Return UUID as Base 58 - Githubissues

jdgamble555 commented 1 year ago

It would be cool to have an option to search and return uuids in base58. It would work like this under the hood:

encode

CREATE OR REPLACE FUNCTION get_all_posts_with_base58_uuid() RETURNS SETOF record AS $$
  SELECT *, encode(uuid_column, 'base58') as base58_uuid
  FROM posts;
$$ LANGUAGE SQL;

decode

CREATE OR REPLACE FUNCTION find_post_by_base58_uuid(
  base58_uuid text
) RETURNS SETOF posts AS $$
  SELECT *
  FROM posts
  WHERE uuid_column = decode(base58_uuid, 'base58');
$$ LANGUAGE SQL;

And maybe::

HEAD /bigtable?limit=25 HTTP/1.1
Prefer: uuid=base58

Default would obviously be base16... other options probably wouldn't be useful.

This would return all UUIDs in base58, or maybe allow you to select the fields you want like:

Prefer: posts.id=base58

J

steve-chavez commented 1 year ago

Ah, seems like a particular use case of https://github.com/PostgREST/postgrest/pull/2523.

wolfgangwalther commented 1 year ago

Closing as duplicate of PostgREST/postgrest#2523.

steve-chavez commented 1 year ago

This is the perfect example for https://github.com/PostgREST/postgrest/pull/2523. Putting it here to use it for the reference doc.

steve-chavez commented 1 year ago

Default would obviously be base16... other options probably wouldn't be useful. Prefer: uuid=base58

It seems possible to change the decoding format according to the header. So Prefer: uuid=base58 or Prefer: uuid=base16 can be specified if needed.

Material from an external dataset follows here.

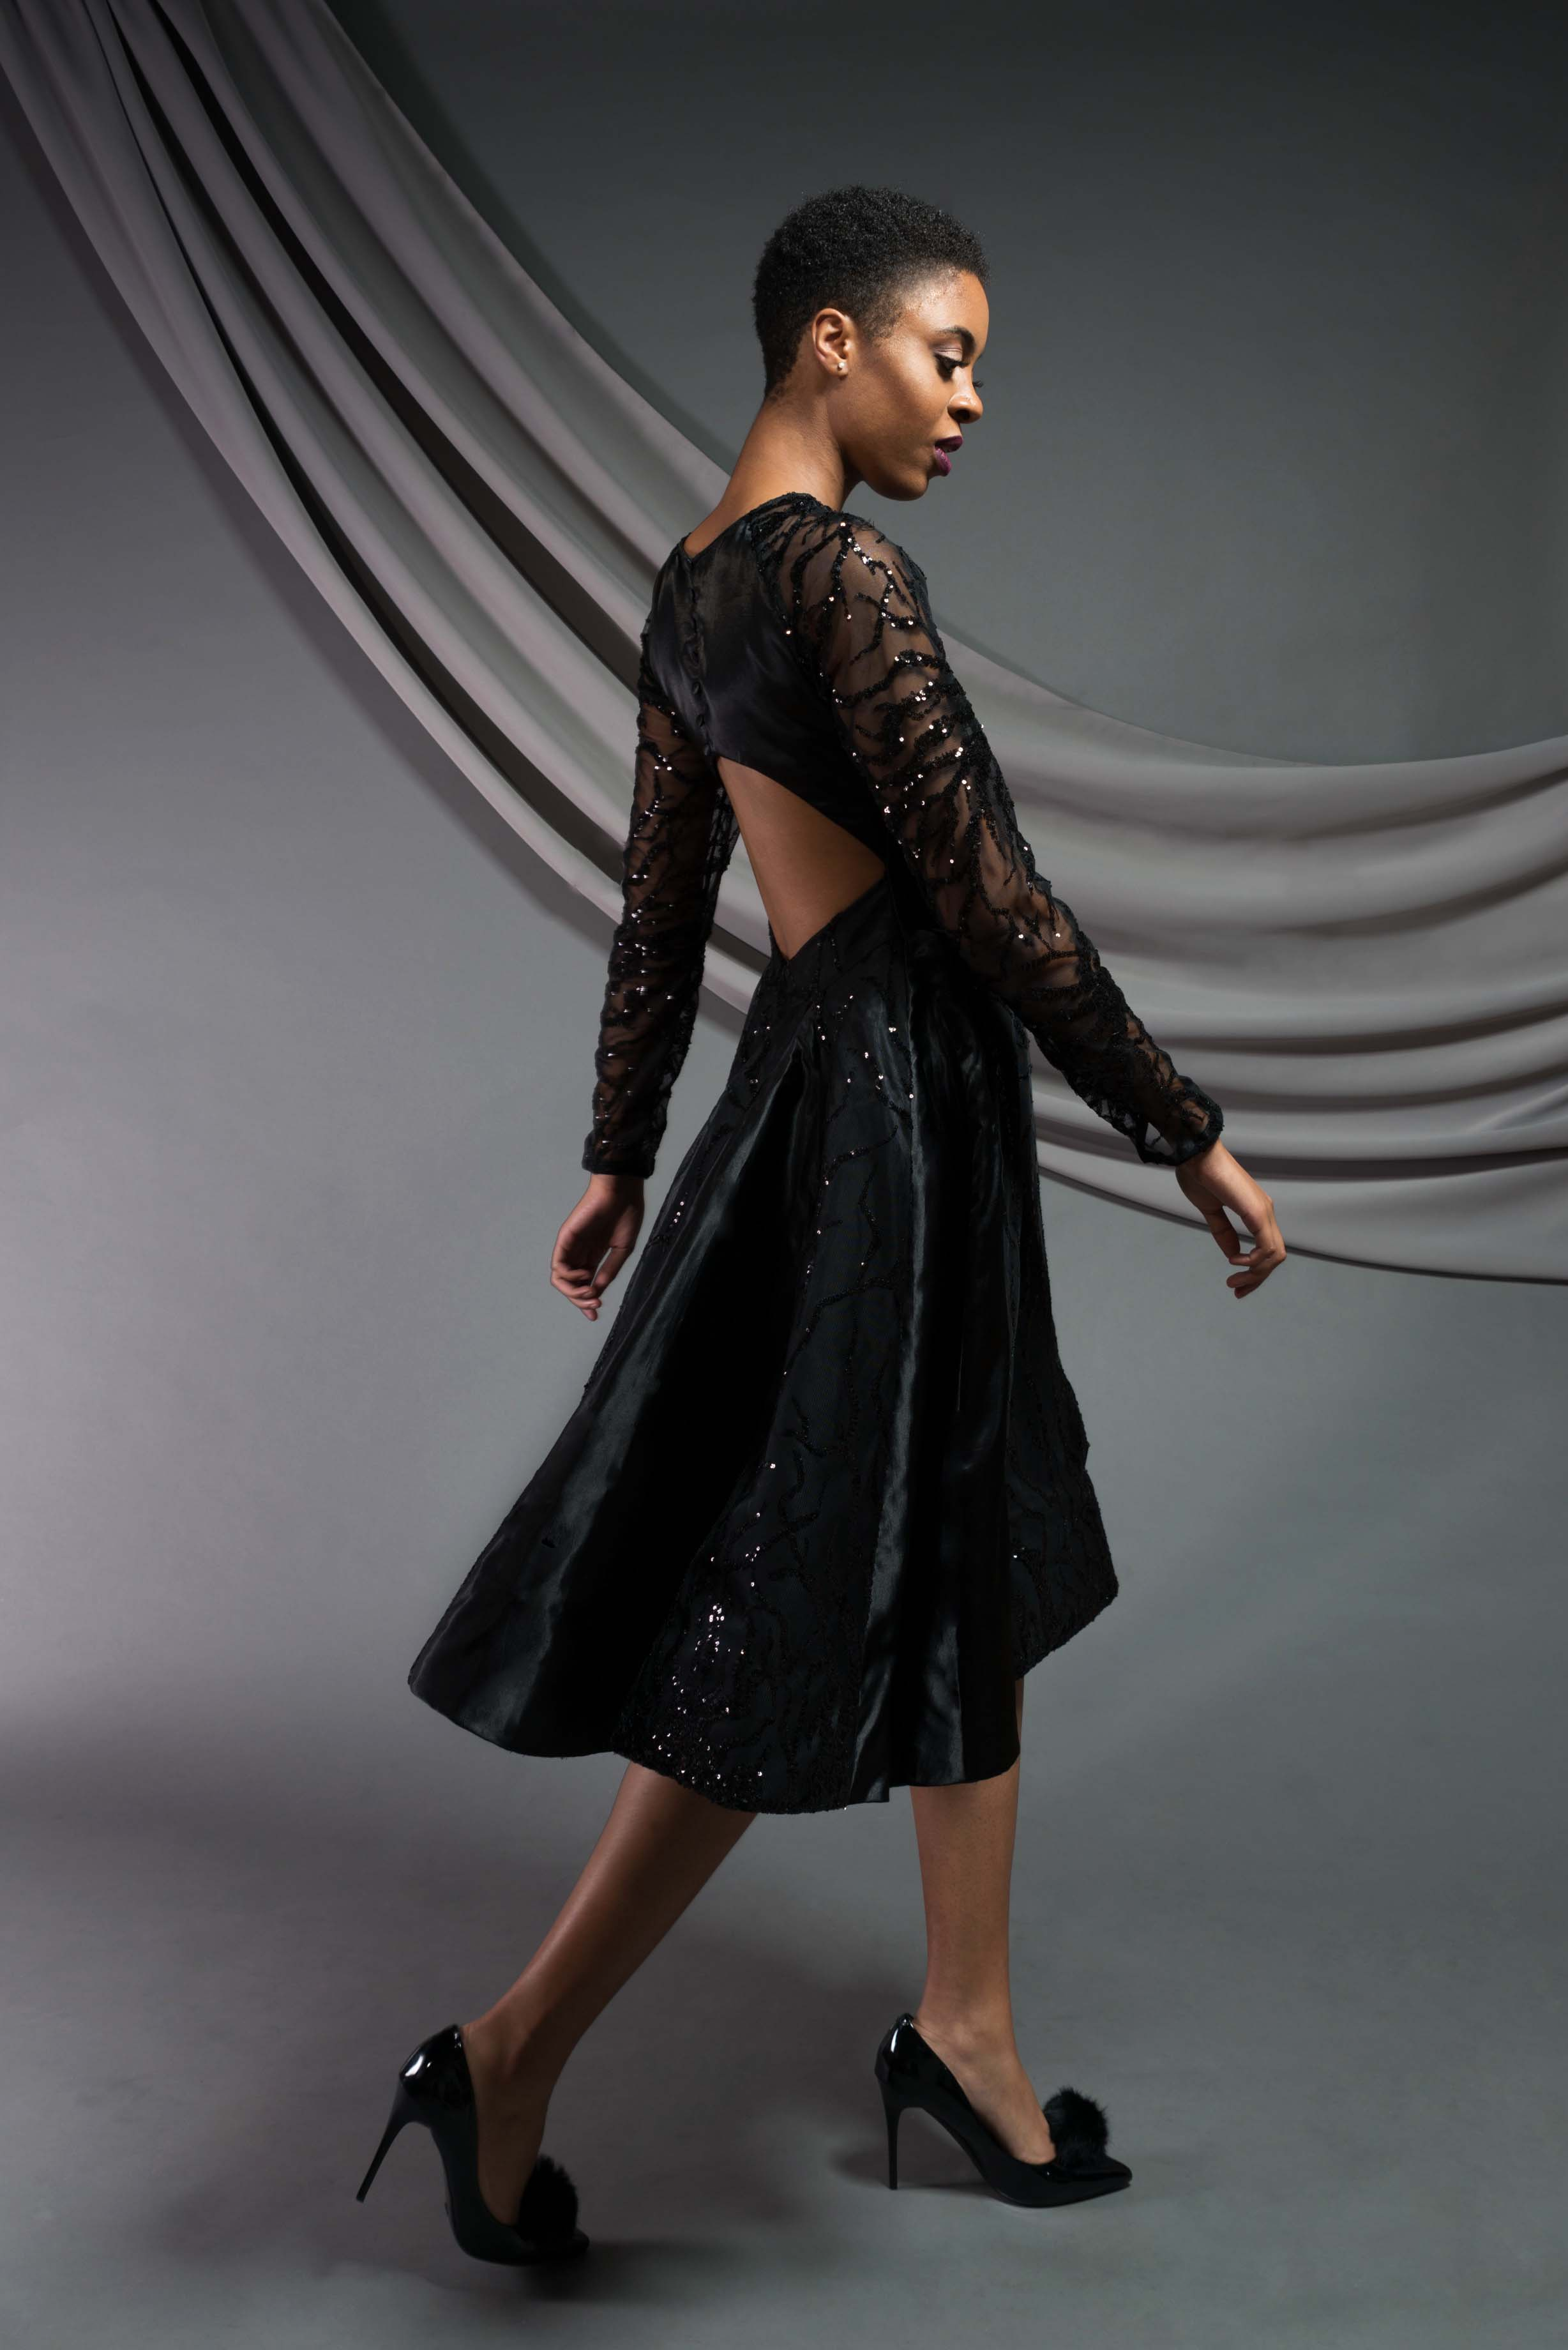 black-sequin-gown-lb.jpg

create domain uuid_custom_base as uuid;

CREATE CAST (uuid_custom_base AS json) WITH FUNCTION json(uuid_custom_base) AS IMPLICIT;

-- pseudocode
create or replace function json(uuid_custom_base) returns json as $$
  select
    case
      when (current_setting('request.headers')::json)->'prefer' = 'uuid=base16' then
      to_json(encode($1, 'base16'))
    else
      to_json(encode($1, 'base58'))
    end
$$ language sql;

aljungberg commented 1 year ago

It seems possible to change the decoding format according to the header. So Prefer: uuid=base58 or Prefer: uuid=base16 can be specified if needed.

Yes, modifying the output format based on a header seems feasible. You could implement a dynamic data rep function which draws configurations from the request. (This idea could theoretically extend to a data rep that garners settings from an "API configuration table," but I suspect that would be rather awful to work with in practice, akin to a function in programming that varies its behaviour contingent on a global variable. Error prone and surprising.)

In practice, while different APIs might vary on using base16 or base58, I have to believe a singular API which can’t decide one way or another on how to output ids would be a rare beast indeed.

It's sometimes desirable to be precise in what you produce but forgiving in what you accept. In this case you wouldn't need a header to do so. To accept both formats, simply count the characters — base16 UUIDs are longer than base58 ones. So with static data rep functions you could accept various input forms and maintain consistent canonical output without needing specific settings or headers at all.

jdgamble555 commented 1 year ago

For my use case I did something like this:

CREATE TABLE posts (
    id uuid NOT NULL DEFAULT uuid_generate_v4(),
    short_id text NOT NULL GENERATED ALWAYS AS (uuid_to_base58(id)) STORED,
    ...
);

I could not get SQL to handle the memory of the conversion, so I used the V8 extension to directly translate my JS. Let me know if this could be simplified with pure SQL.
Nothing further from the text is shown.